Regions with significant populations
- Bahia

Languages
- Portuguese Pataxó

= Pataxó =

Indigenous people of Brazil

The Pataxó are an Indigenous people in Bahia, Brazil, with a population of about 11,800 individuals. They once spoke the Pataxó language, but now speak Portuguese and a reconstructed version of the Pataxó language called Patxohã.

The Pataxó's territory is part of a wider region traditionally inhabited by the group. The region was mainly converted into private farms by settlers who persecuted the Pataxó, and in 1961, they were expelled from the largest remaining forest and integrated into the dominant society, losing their Indigenous identity and settling in cities.
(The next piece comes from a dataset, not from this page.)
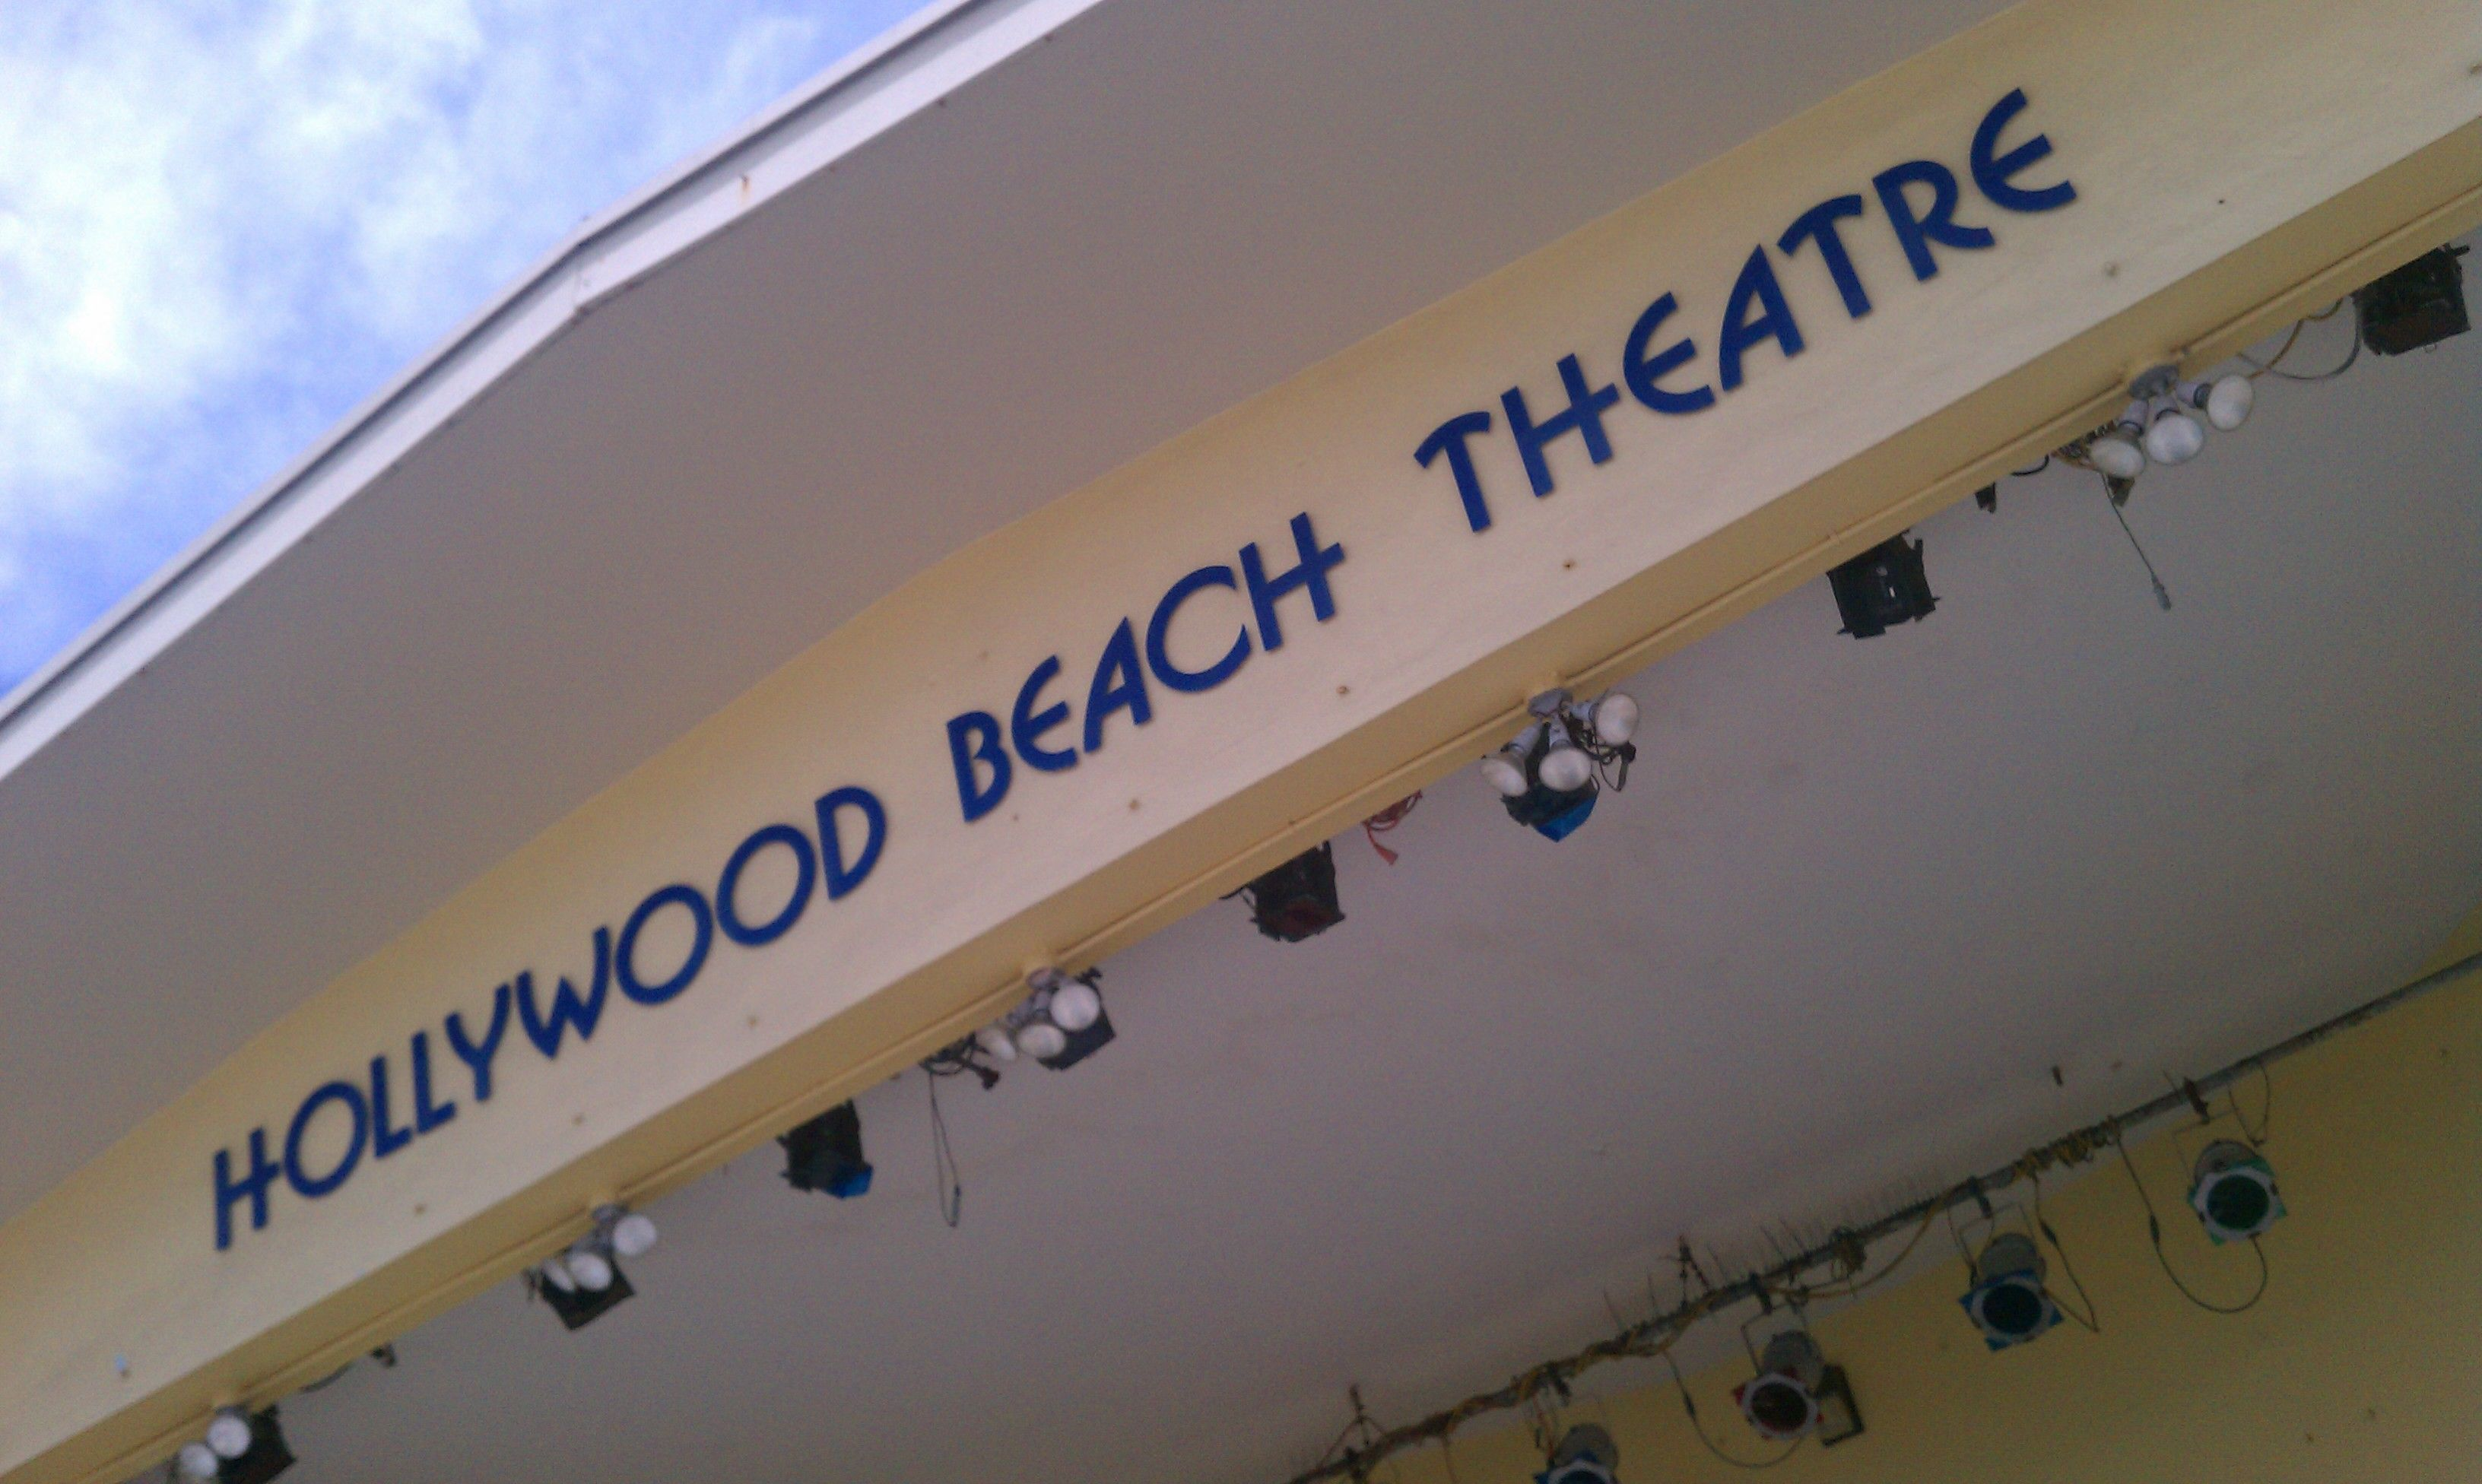 Hollywood beach theatre florida

Others moved to coastal areas, forming new Indigenous villages, including Coroa Vermelha, founded in 1972 and now home to approximately 6,000 people.

In 1998, a group of Pataxó women created the Jaqueira Reserve, which comprises 827 hectares in the Environmental Protection Area of the Coroa Vermelha Indigenous Territory in South Bahia, where they operate a community-based cultural identity and ecotourism project, the Associação Pataxó de Ecoturismo, which employs Indigenous families.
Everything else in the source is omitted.